DATA FOR REVIEW:
===

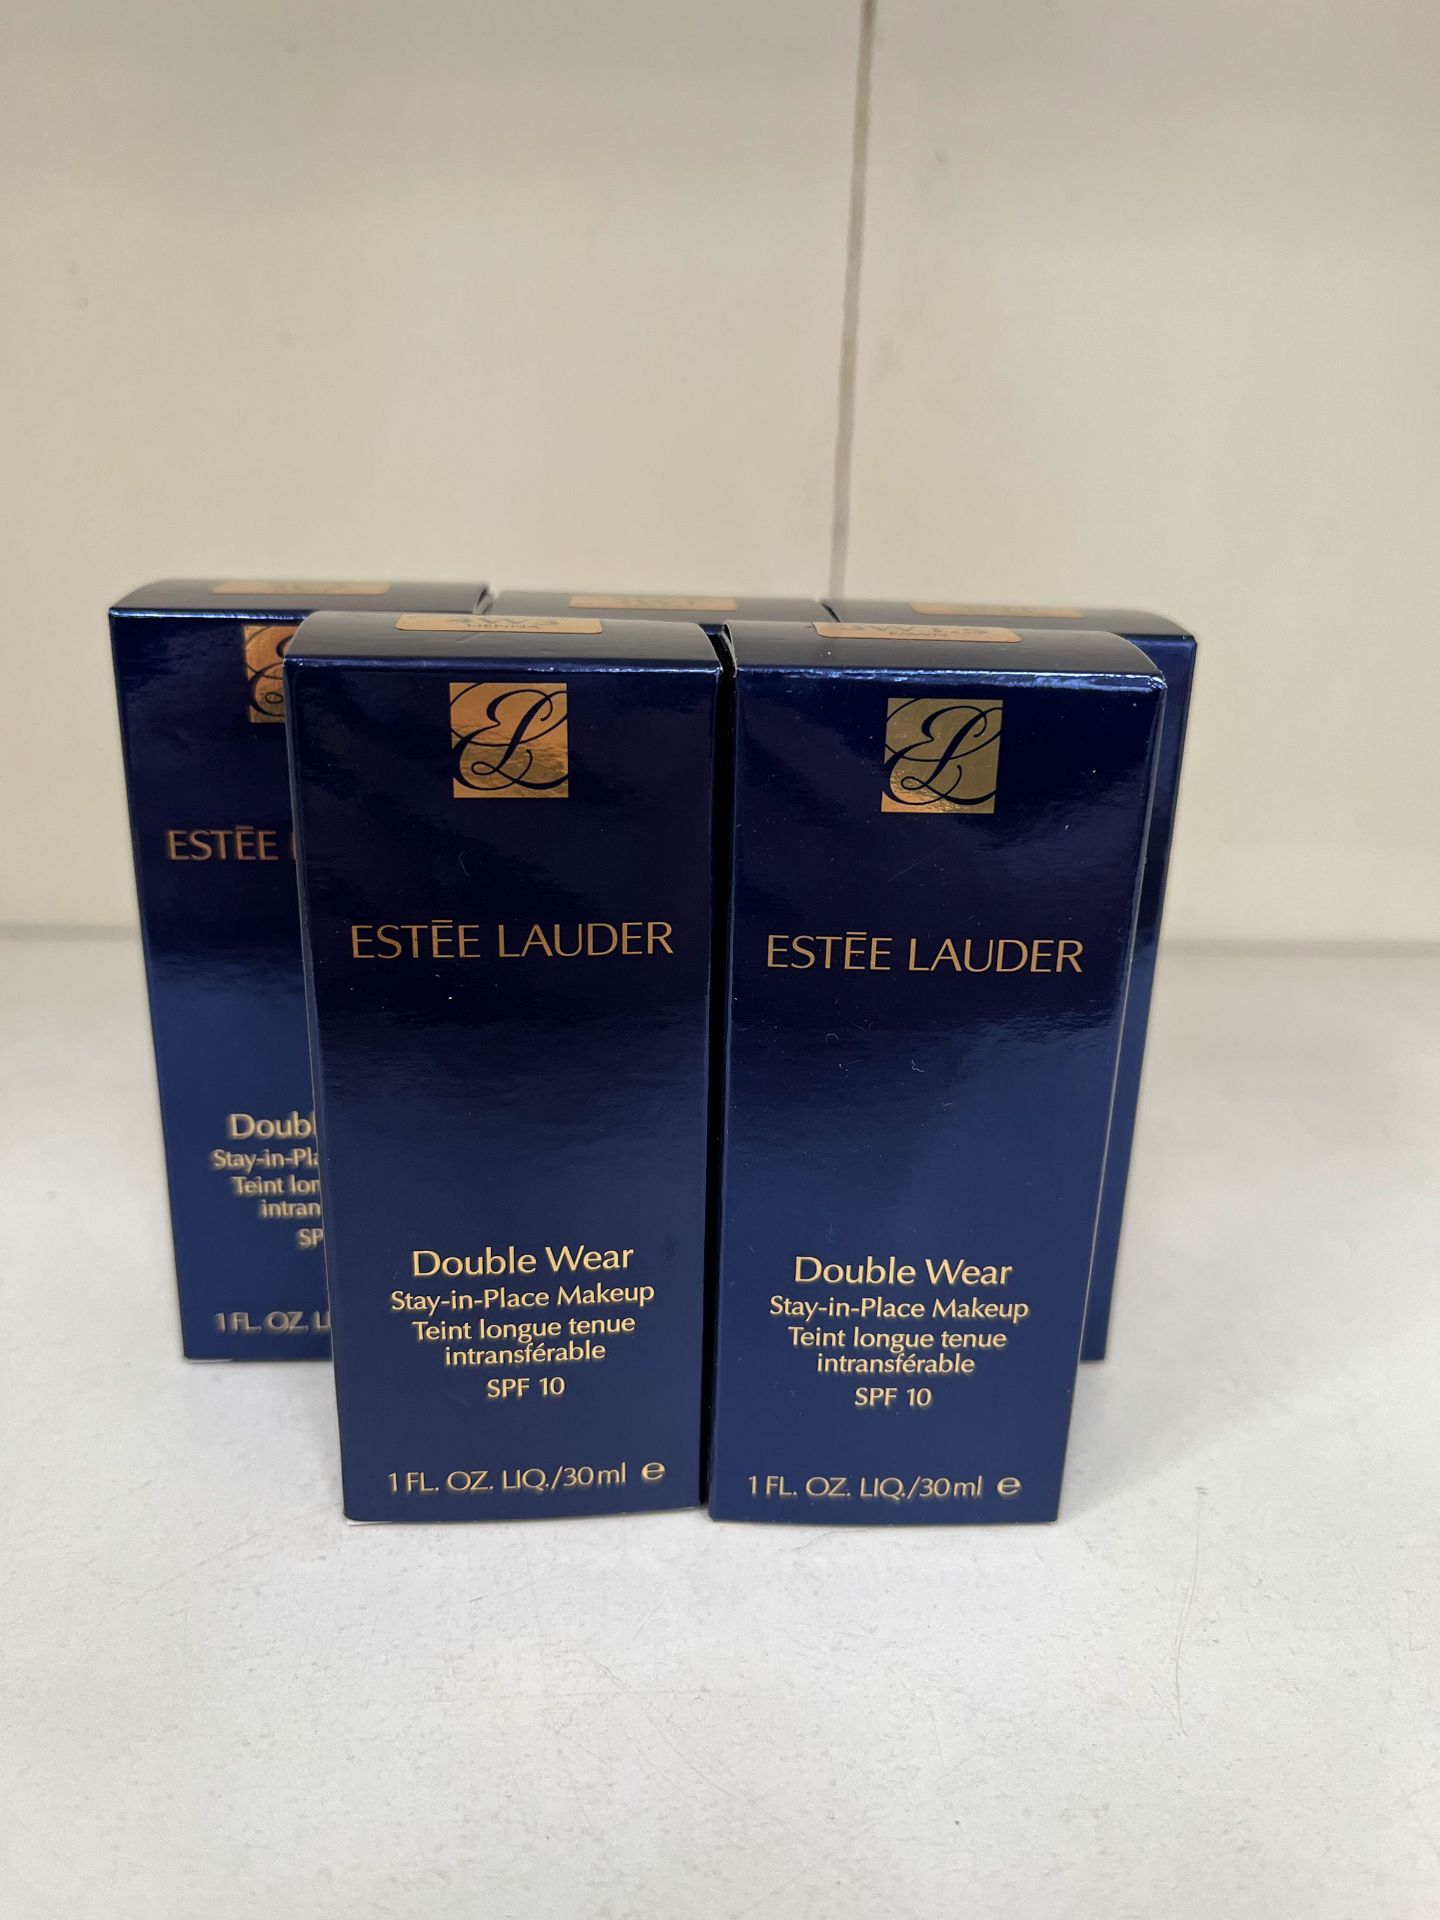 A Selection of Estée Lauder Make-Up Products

===

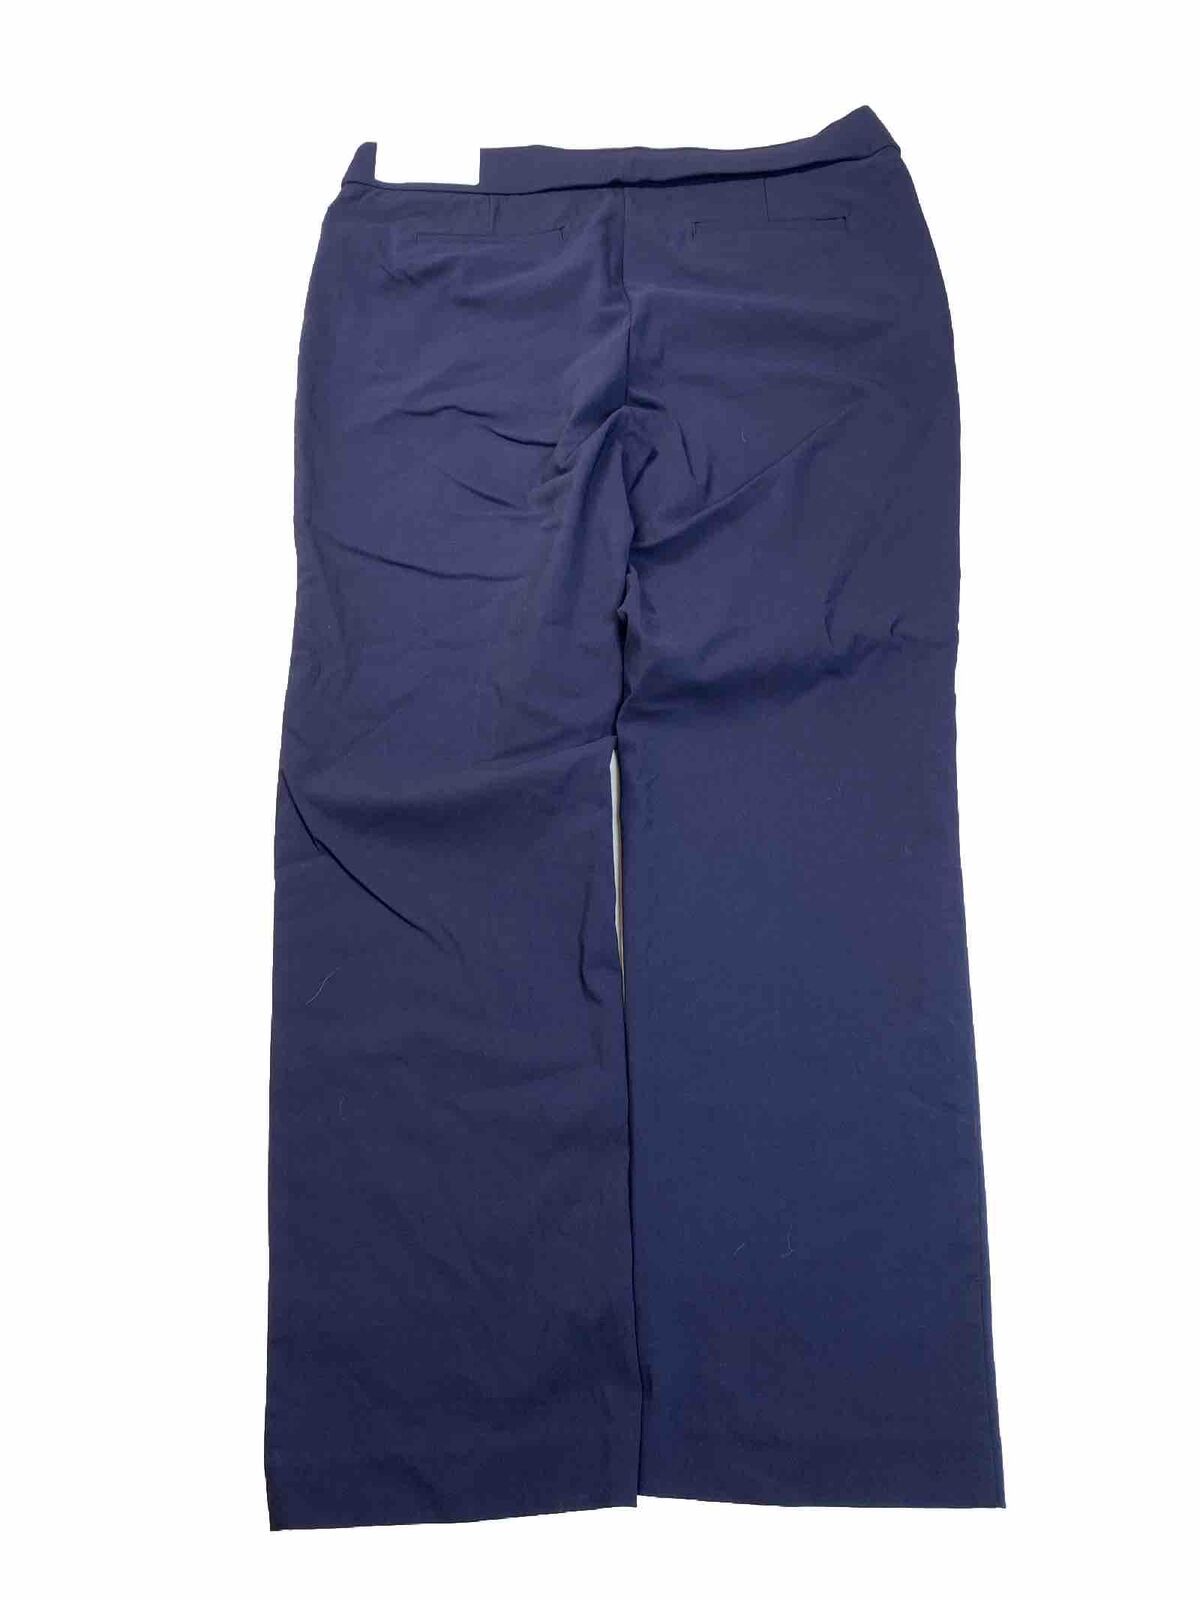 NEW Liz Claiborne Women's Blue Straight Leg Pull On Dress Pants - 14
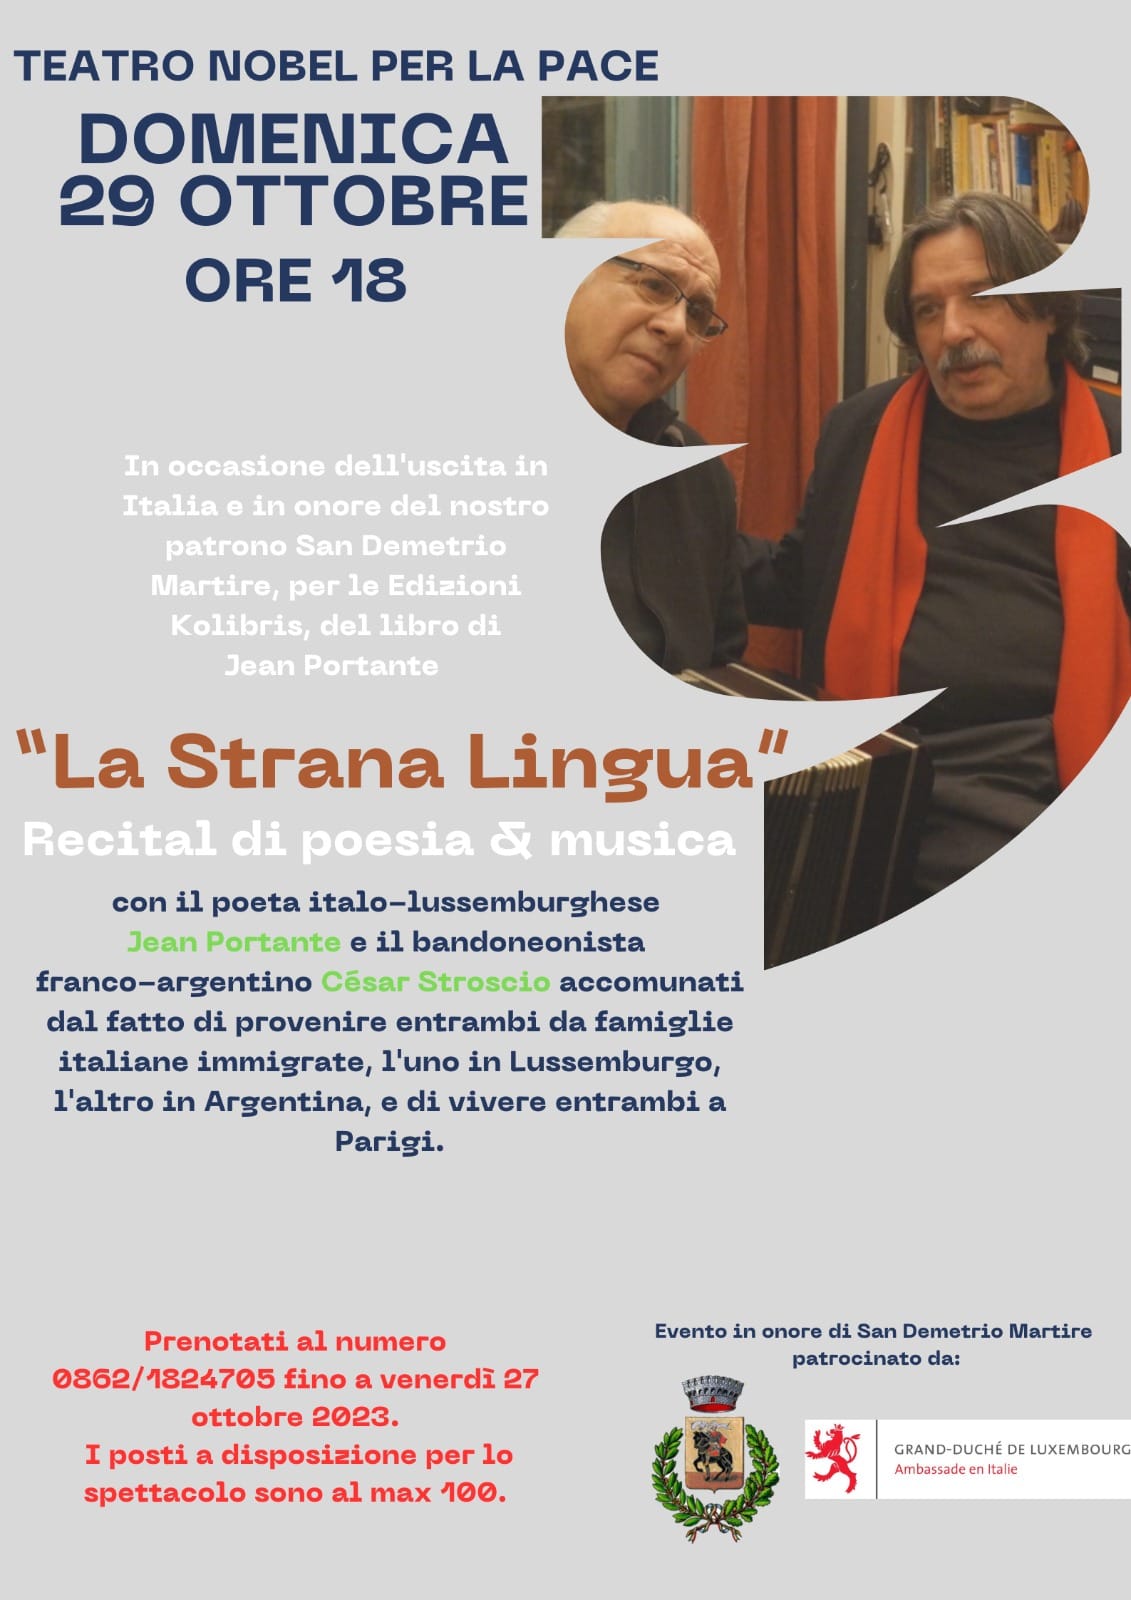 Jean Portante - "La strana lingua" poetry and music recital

===

WORK ITEM:
Using the records above, print exactly the run of lines that starts with the line with "NEW Liz Claiborne" and goes on through the line with "and music recital", pictures excluded.

TASK RESULT:
 NEW Liz Claiborne Women's Blue Straight Leg Pull On Dress Pants - 14
 Jean Portante - "La strana lingua" poetry and music recital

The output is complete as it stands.